Neither party cites any authority directly supporting their respective positions and for the reasons that follow, we are not persuaded the trial court erred.
The on-bail enhancement under section 12022.1 goes to the nature of the offender and is added only once to the aggregate sentence. (People v. Augborne (2002) 104 Cal.App.4th 362, 377; accord, People v. McNeely (1994) 28 Cal.App.4th 739, 743; People v. Mackabee, supra, 214 Cal.App.3d at pp. 1261-1262; People v. Warinner, supra, 200 Cal.App.3d at p. 1356; see People v. Williams (2004) 34 Cal.4th 397, 402.) Moreover, section 654 does not apply in this context. (People v. Walker (2002) 29 Cal.4th 577, 589; People v. Warinner, supra, at p. 1355.) As the California Supreme Court has explained, "a section 12022.1 enhancement turns on the status of a defendant as a repeat offender, not on what the defendant did when committing the current crime, i.e., the secondary offense. [Citations.] Because a section 12022.1 enhancement does not punish a defendant for his or her conduct while committing an offense (here, willfully failing to appear in court as required in violation of section 1320.5), but rather punishes the defendant for his or her status as a repeat offender while on bail, the enhancement does not constitute punishment of an act or omission within the meaning of section 654." (People v. Walker, supra, 29 Cal.4th at p. 589.)
Multiple enhancements may be imposed where the defendant commits multiple secondary offenses while on release from custody in more than one primary case. (People v. Mackabee (1989) 214 Cal.App.3d 1250, 1261-1262; People v. Warinner (1988) 200 Cal.App.3d 1352, 1355-1356.) Here, however, defendant committed the secondary offenses while on bail in only one primary case.
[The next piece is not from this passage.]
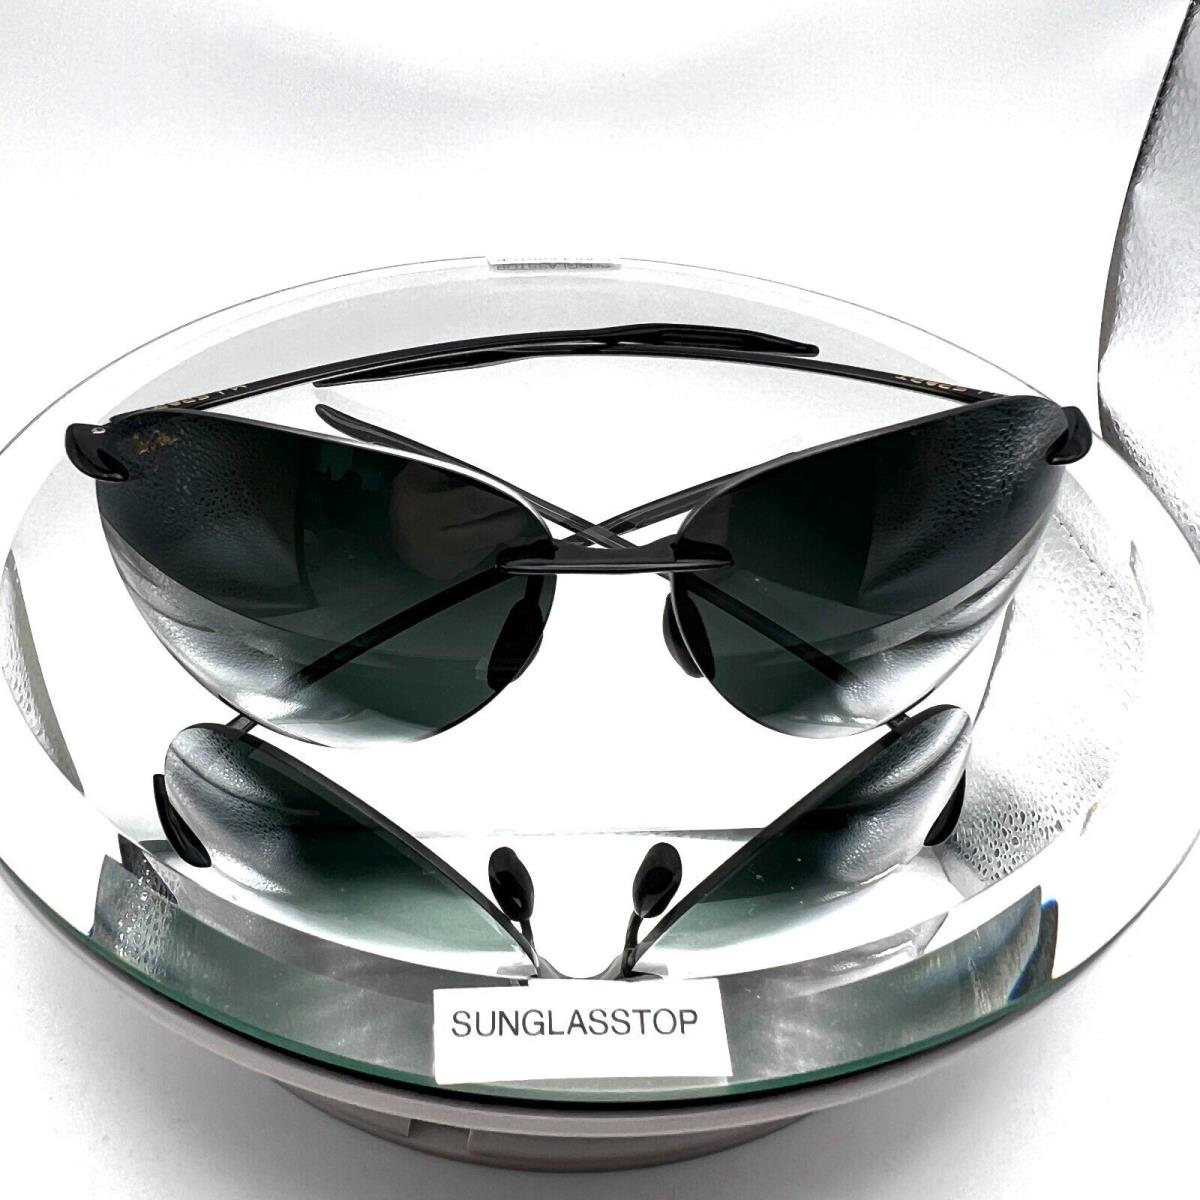 Maui Jim 421-02 Sunglasses Sugar Beach Gloss Black / Grey Polarized Lenses - Gloss Black, Frame: Black, Lens: Gray

Although defendant committed three secondary offenses, he did so while out on bail on only one primary case. The trial court therefore properly imposed only one enhancement on the aggregate sentence and we reject the parties' claim of error. (People v. Walker, supra, 29 Cal.4th at p. 589; People v. Augborne, supra, 104 Cal.App.4th at p. 377.)
DISPOSITION
In case No. BF163615A, the judgment is conditionally reversed with directions to the trial court to (1) order disclosure of the complainant's name, address, and telephone number in complaint No. CC-2016-011 and (2) allow defendant a reasonable opportunity to investigate the newly disclosed information and determine whether it would have led to any relevant and admissible evidence he could have presented at trial. If defendant can demonstrate he was prejudiced by the denial of this discovery, the trial court must order a new trial. If defendant cannot demonstrate prejudice as a result of the denial of discovery, the judgment is to be reinstated.
In case No. BF164300A, the judgment is modified to reflect the imposition of the middle term of two years for identity theft (count 2), stayed under section 654. The trial court shall amend its records to reflect this modification. Judgment in case No. BF164300A is otherwise affirmed.